To pursue this question, the researchers have completely sequenced the genome of the Iberian mole (Talpa occidentalis) for the first time. Moreover, they examined the three-dimensional structure of the genome within the cell. In the nucleus, genes and their associated control sequences form regulatory domains — relatively isolated “neighborhoods” consisting of large regions where DNA sections interact frequently with each other.

“We hypothesized that in moles, there are not only changes in the genes themselves, but particularly in the regulatory regions belonging to these genes,” says Mundlos.

In the course of the moles’ evolution, then not only would individual letters of the DNA have changed, also larger pieces of the genome would have shifted, says the researcher. If segments of DNA move from one location to another, completely new or reorganized regulatory domains can emerge and thus activate new genes and enhance or attenuate their expression.

Program for testicular development

“The sexual development of mammals is complex, although we have a reasonably good idea on how this process takes place,” says Darío Lupiáñez. “At a certain point, sexual development usually progresses in one direction or another, male or female. We wanted to know how evolution modulates this sequence of developmental events, enabling the intersexual features that we see in moles.”

In fact, when comparing the genome to that of other animals and humans, the team discovered an inversion — i.e., an inverted genomic segment — in a region known to be involved in testicular development. The inversion causes additional DNA segments to get included in the regulatory domain of the gene FGF9, which reorganizes the control and regulation of the gene. “This change is associated with the development of testicular tissue in addition to ovarian tissue in female moles,” explains Dr. Francisca Martinez Real, lead author of the study and scientist at the MPIMG as well as the Institute for Medical Genetics and Human Genetics at Charité.

The team also discovered a triplication of a genomic region responsible for the production of male sex hormones (androgens), more specifically the androgen production gene CYP17A1. “The triplication appends additional regulatory sequences to the gene — which ultimately leads to an increased production of male sex hormones in the ovotestes of female moles, especially more testosterone,” says Real.

Wild moles and transgenic mice

The highly territorial moles cannot be kept in the laboratory, which particularly challenged the work of the researchers. “We had to do all our research on wild moles,” says Lupiáñez. He and Real spent months in southern Spain collecting samples for their experiments. “However, this drawback also became a strength in our study. Our results are not limited to laboratory animals, but extend our knowledge to wild animals.”

The research group proved that the two genome mutations actually contribute to the special sexuality of female moles by creating a mouse model in which they mimic the genomic changes observed in moles. Of the altered animals, the female mice had androgen levels that were as high as in normal male mice.

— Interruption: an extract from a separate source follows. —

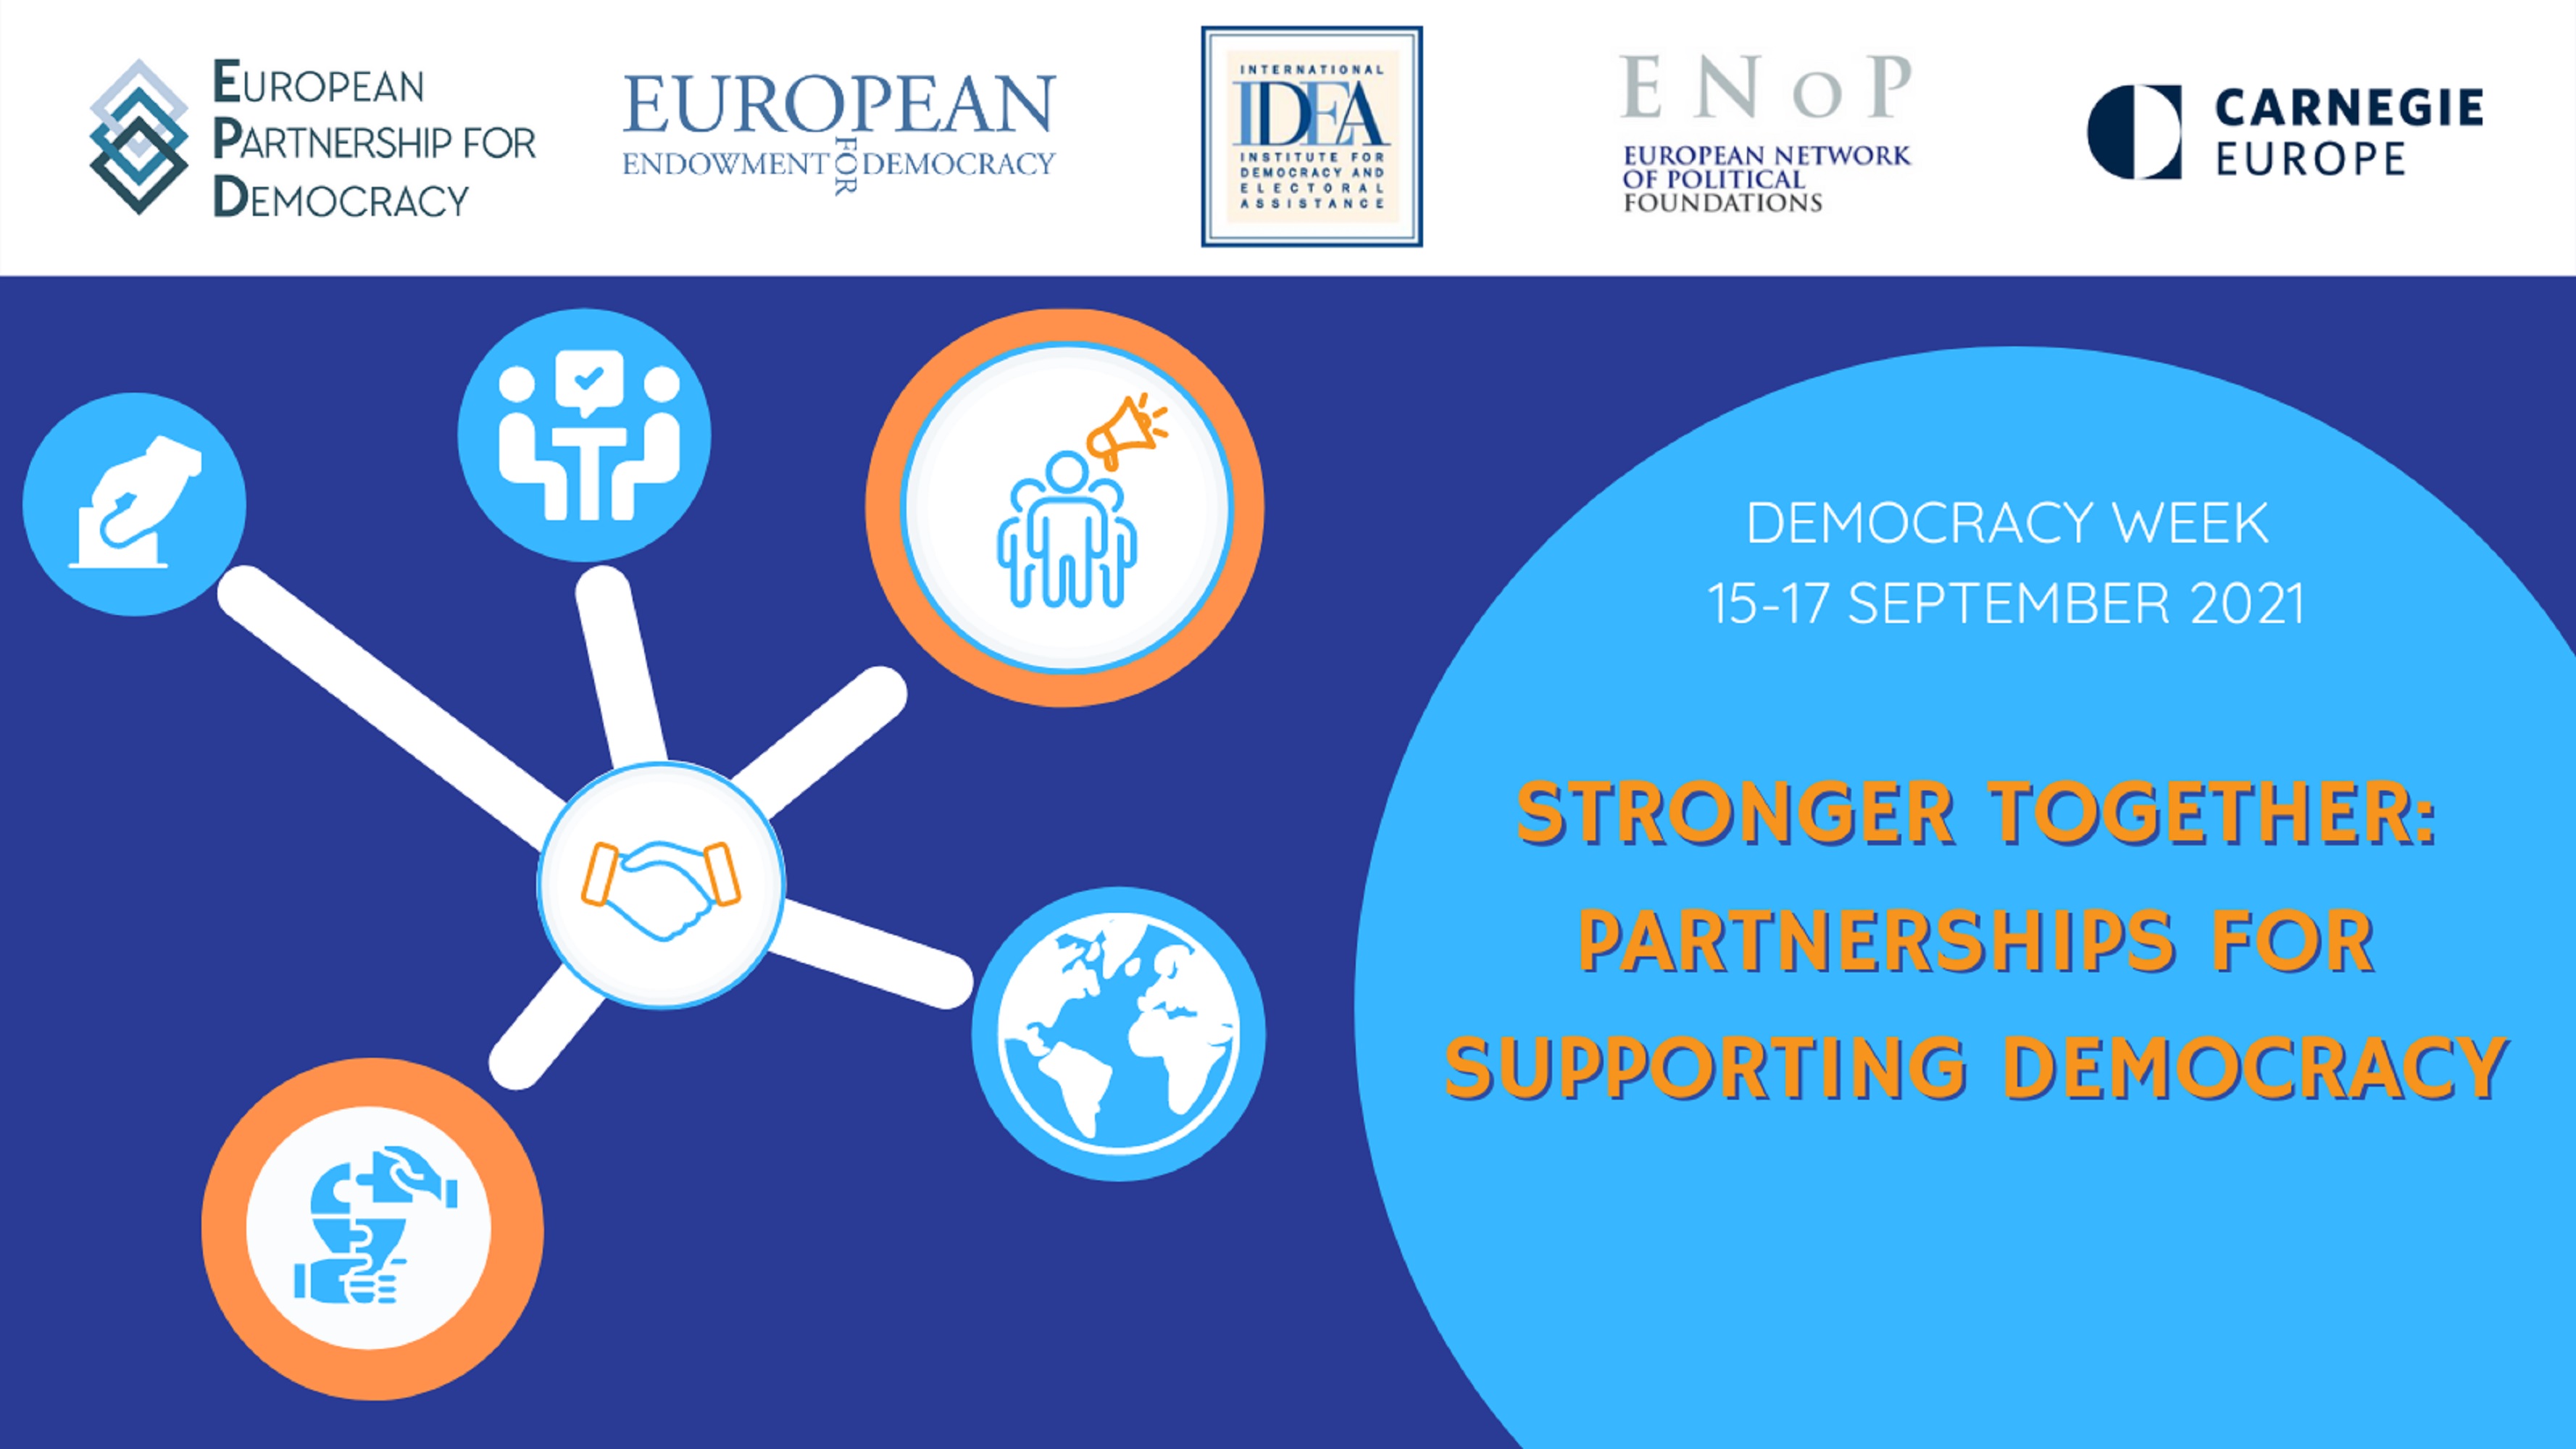 HUMAN RIGHTS-BASED APPROACH: THE EU TOOLBOX FOR PLACING RIGHTS-HOLDERS AT THE CENTRE OF INTERNATIONAL PARTNERSHIPS

They were also significantly stronger than their unaltered conspecifics.

Evolution makes use of the genetic toolbox

With moles, the sexes are not that clearly delimited from one another; instead, females move on a spectrum between typically female and typically male phenotypes, i.e., they are intersexual.

“Our findings are a good example of how important the three-dimensional organization of the genome is for evolution,” says Lupiáñez. “Nature makes use of the existing toolbox of developmental genes and merely rearranges them to create a characteristic such as intersexuality. In the process, other organ systems and development are not affected.”

“Historically, the term intersexuality has caused considerable controversy,” says Mundlos. “There was and continues to be a tendency to characterize intersexual phenotypes as pathological conditions. Our study highlights the complexity of sexual development and how this process can result in a wide range of intermediate manifestations that are a representation of natural variation.”